Court Opinion

ID: 3203179
Source: CourtListenerOpinion
Date Created: 2016-05-12 20:01:04.136152+00
Date Added: 2024-06-11T09:21:16.586867
License: Public Domain

FILED
                            NOT FOR PUBLICATION
                                                                            MAY 12 2016
                    UNITED STATES COURT OF APPEALS                       MOLLY C. DWYER, CLERK
                                                                          U.S. COURT OF APPEALS

                            FOR THE NINTH CIRCUIT

In re: EDWARD J. STOUT,                          No. 14-60037

              Debtor,                            BAP No. 13-1045

DOLORES STOUT, an individual;                    MEMORANDUM*
KAUFMAN GROUP, a California
corporation,

              Appellants,

 v.

RICHARD ALAN MARSHACK, Chapter
7 Trustee; STEVEN ROOT; JAMES
KERCHNER; ELECTRONIC
CONNECTOR SERVICE, a dissolved
California corporation; QUALTECH
BACKPLANES, INC., a California
corporation; DYNAMIC STAMPING, a
dissolved California corporation,

              Appellees.

In re: EDWARD J. STOUT,                          No. 14-60038

              Debtor,                            BAP No. 13-1257

        *
             This disposition is not appropriate for publication and is not precedent
except as provided by 9th Cir. R. 36-3.
STEVEN ROOT; JAMES KERCHNER,

              Appellants,

 v.

EDWARD J. STOUT,

              Appellee.

                         Appeal from the Ninth Circuit
                          Bankruptcy Appellate Panel
            Kirscher, Dunn, and Taylor, Bankruptcy Judges, Presiding

                      Argued and Submitted March 11, 2016
                              Pasadena, California

Before: CLIFTON, CALLAHAN, and IKUTA, Circuit Judges.

      These consolidated appeals arise out of the same set of facts involving

Edward Stout (Debtor), his mother Dolores Stout (Dolores), Dolores’s company

Kaufman Group, Inc., and three of Debtor’s creditors, Jim Kerchner, Steve Root,

and Qualtech Backplanes, Inc. (Qualtech) (collectively, the Creditors). Both cases

concern the transfer of equipment (the Business Assets) to Dolores before Debtor

filed a chapter 7 bankruptcy petition. The key issue on appeal in both cases is

whether the Business Assets transferred to Dolores were the property of Debtor or

corporations owned wholly by him. On this issue, the two bankruptcy court

                                          2
decisions affirmed by the Bankruptcy Appellate Panel (BAP) are in conflict. In

case number 14-60037, which the parties call the Preference Adversary, the

bankruptcy court found in a partial summary judgment decision that Debtor had a

property interest in the Business Assets; but in case No. 14-60038, called the

Discharge Adversary, the same court found, after a trial, that the Business Assets

were not Debtor’s property. “We review the BAP’s decision de novo and apply

the same standard of review that the BAP applied to the bankruptcy court’s ruling.”

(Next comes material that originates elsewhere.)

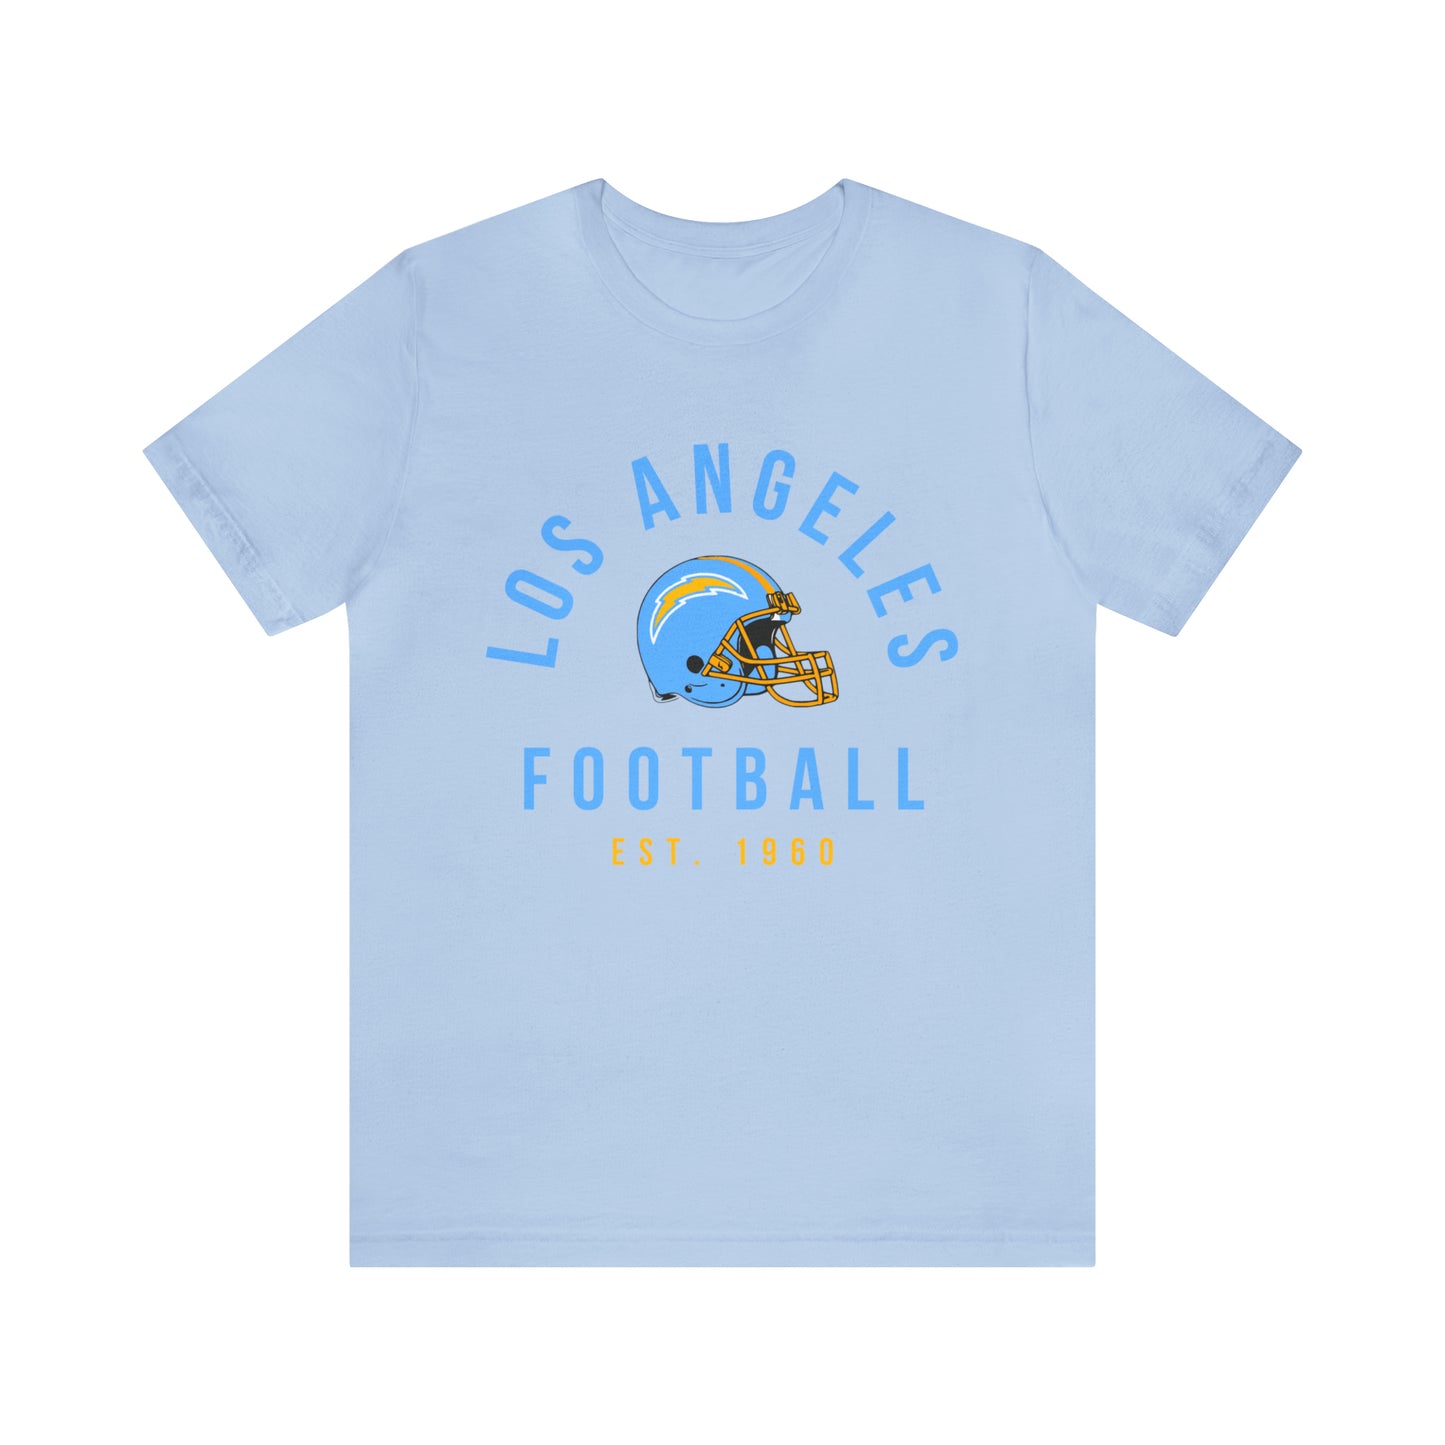 Vintage Los Angeles Chargers T-Shirt - Vintage L.A. Football Oversized Short Sleeve Tee Style Apparel - Design 2
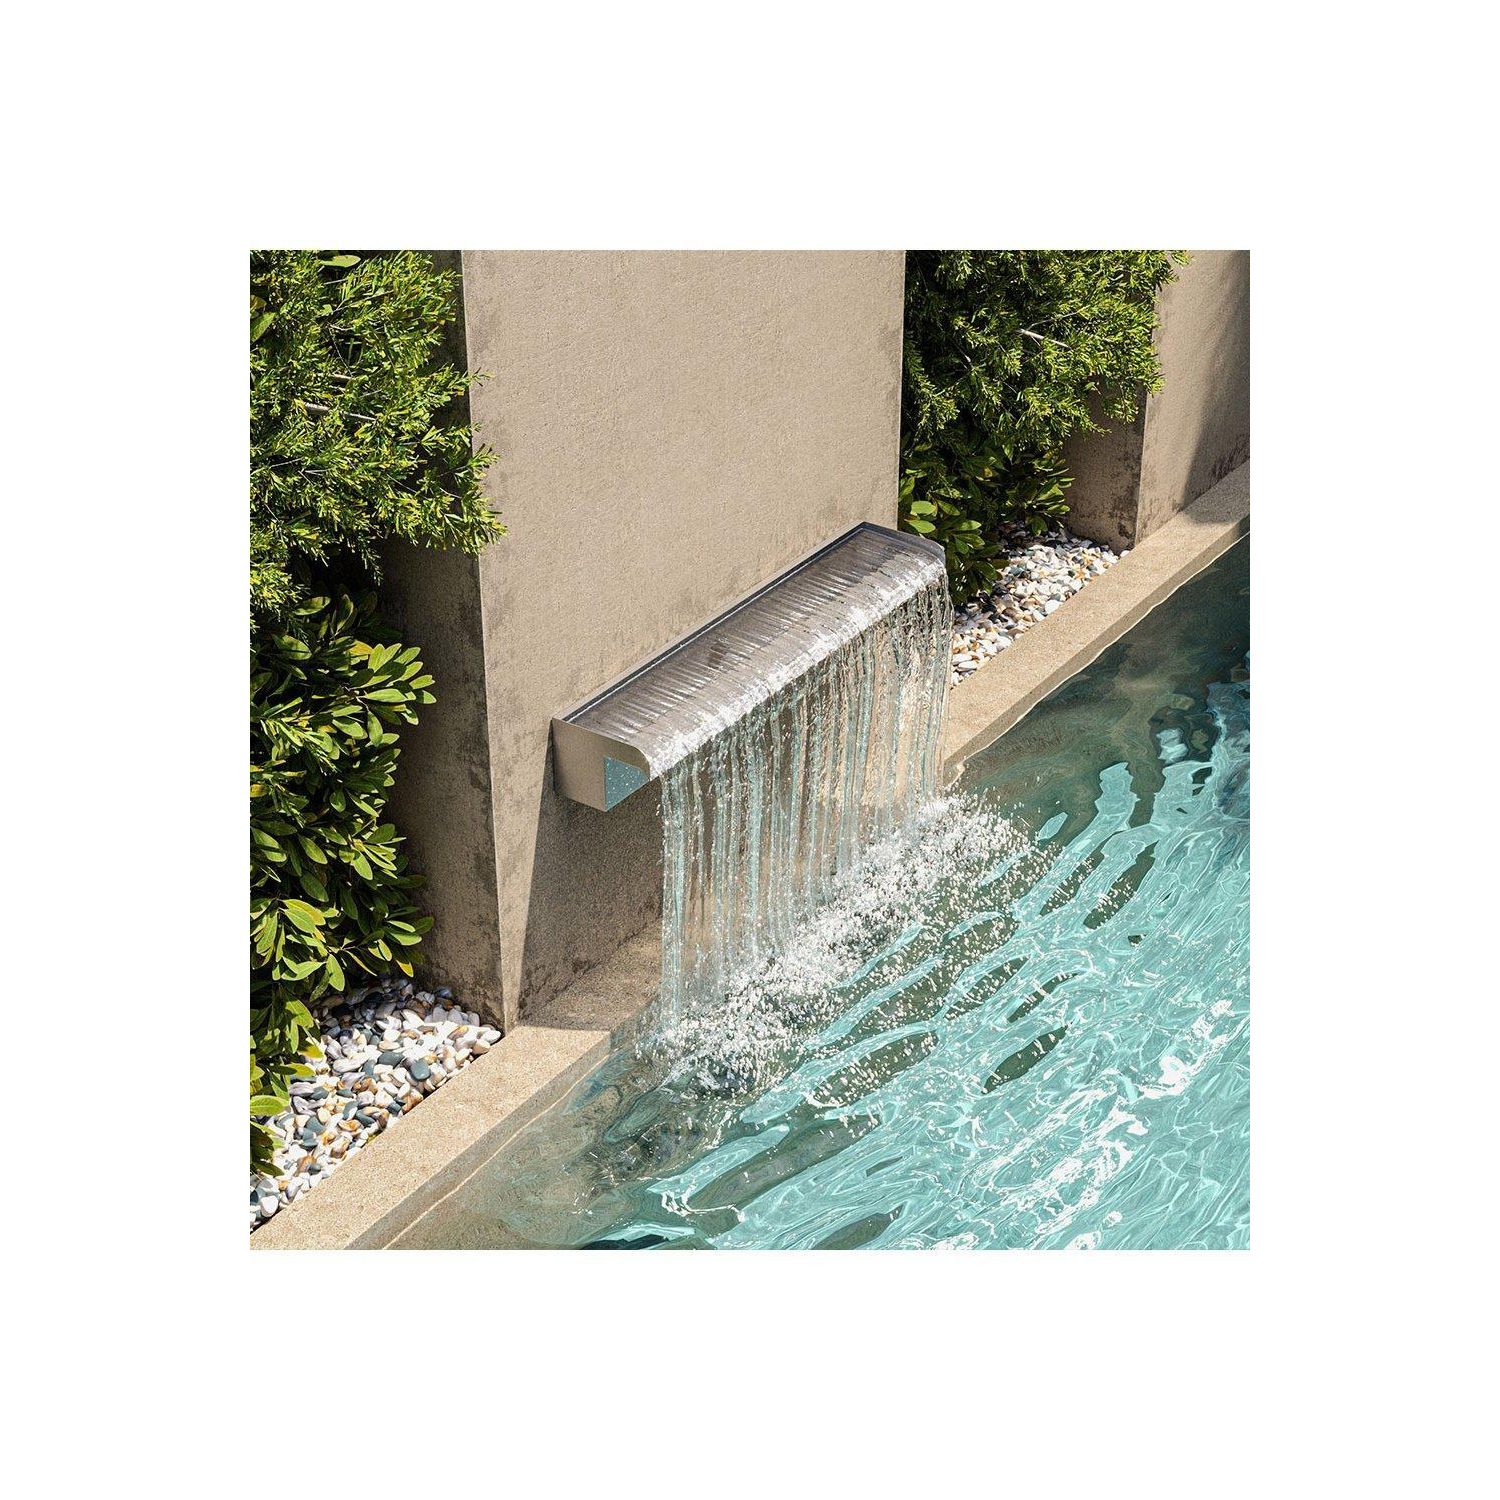 60cm Back Entry Waterfall Pool Fountain Garden Stainless Steel Wall-Mounted Water Blade - image 1

Boyajian v. New Falls Corp. (In re Boyajian), 564 F.3d 1088, 1090 (9th Cir. 2009).

We have jurisdiction under 28 U.S.C. § 158(d) and we reverse in part and affirm in

part.

        1.   The Chapter 7 trustee (Trustee) and Creditors filed the Preference

Adversary against Dolores and Kaufman Group. In relevant part, Trustee and

Creditors seek, under 11 U.S.C. § 547(b), to avoid the transfer of Debtor’s interest

in the Business Assets to Dolores as a “preferential transfer” made by Debtor to an

insider within one year prior to the filing of Debtor’s bankruptcy petition. Under §

547(b), the transfer of a debtor’s interest in property made to an insider within one

year prior to that debtor’s bankruptcy filing may be avoided as a “preferential

transfer” given the following six elements: (1) a transfer of the debtor’s interest in

property; (2) that was to or for a creditor’s benefit; (3) that was for or on account of

                                           3
an antecedent debt; (4) that was made while debtor was insolvent; (5) that was

made up to one year prepetition, if such creditor was an insider; and (6) that was a

transfer that enables the creditor to receive more than such creditor would receive

in a Chapter 7 liquidation of the bankruptcy estate. Hansen v. MacDonald Meat

Co. (In re Kemp Pac. Fisheries, Inc.), 16 F.3d 313, 315 n.1 (9th Cir.1994). All six

of these elements must be met, Wind Power Sys., Inc. v. Cannon Fin. Group, Inc.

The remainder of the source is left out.